In this sense, I always find going through AGA results much more pleasing, especially the biotope section. But even the “aquatic garden” section, seems to have a bigger focus on fish keeping than the iaplc does


----------



## ElleDee (30 Aug 2022)

shangman said:


> I think IAPLC is about showing off aquascaping as a craft rather than an art - adhering to tradition with technical building and growing skill over creating something personal which says something really interesting.
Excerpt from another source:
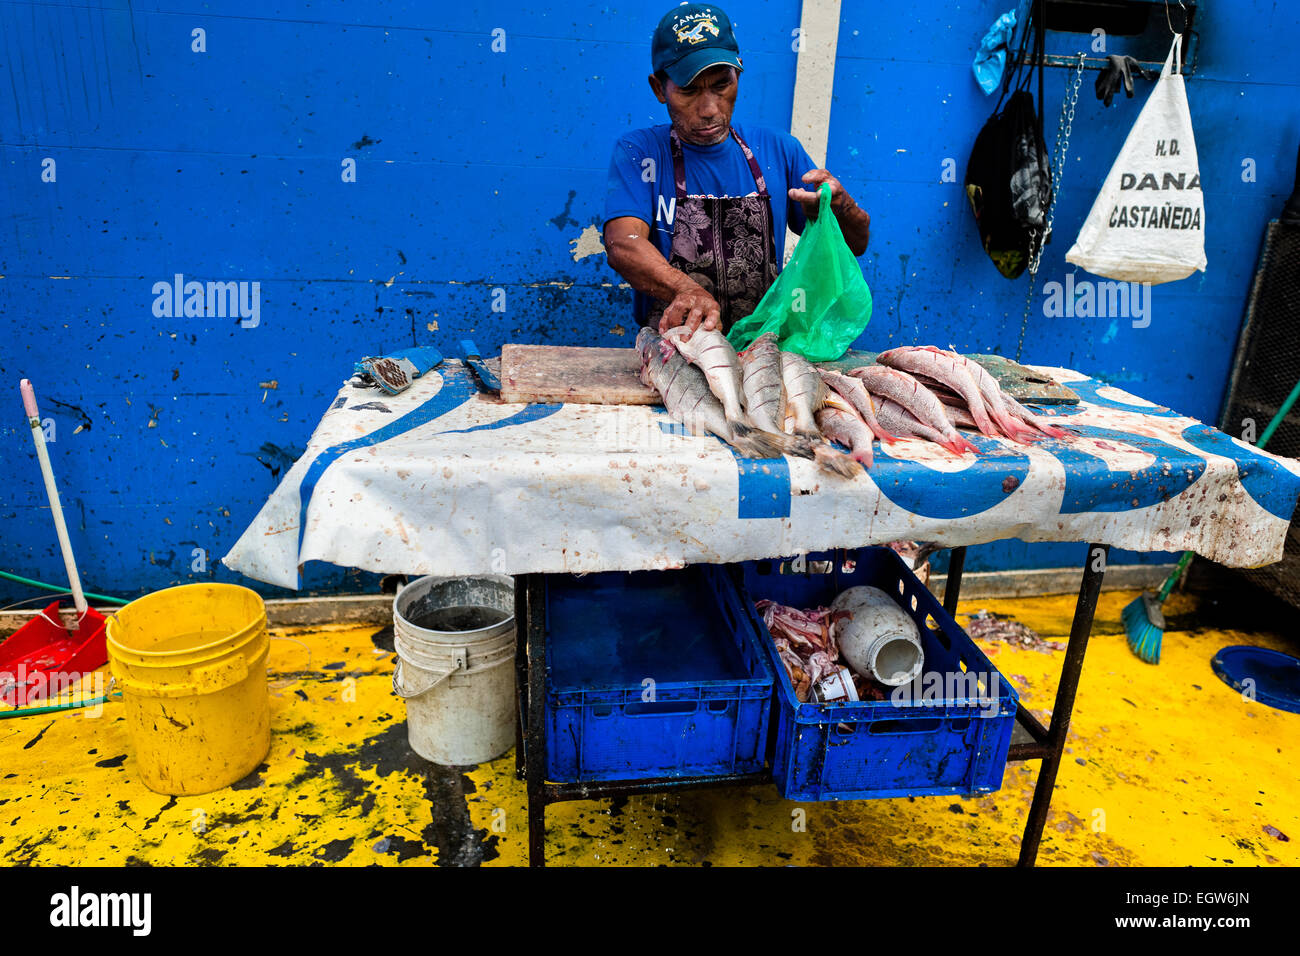 Un pescador panameño limpia el pescado al Mercado de Mariscos el mercado de mariscos y pescados en la Ciudad de Panamá, Panamá. Foto de stock

That isn't a bad thing, I love craft, but I don't think people should be looking to it for bold new ideas because they simply aren't appreciated. It's clearly about strictly adhereing to an established aesthetic, each year it's more of the same which starts to get a bit boring even if the individual scapes are very skilled. I honestly think friends and amazing UKAPS members I've seen that enter have made better more beautiful more fish-happy scapes not for the competition than for it, it seems to limit people rather than push them to make their best. I guess it's a fun experiment and way to try something different for yourself, but I wish there was a better competition tbh that allowed more imagination and variety, and most of all: good habitat for fish and their natural behaviours. Fish always seem like an afterthought in these tanks and it does them a disservice.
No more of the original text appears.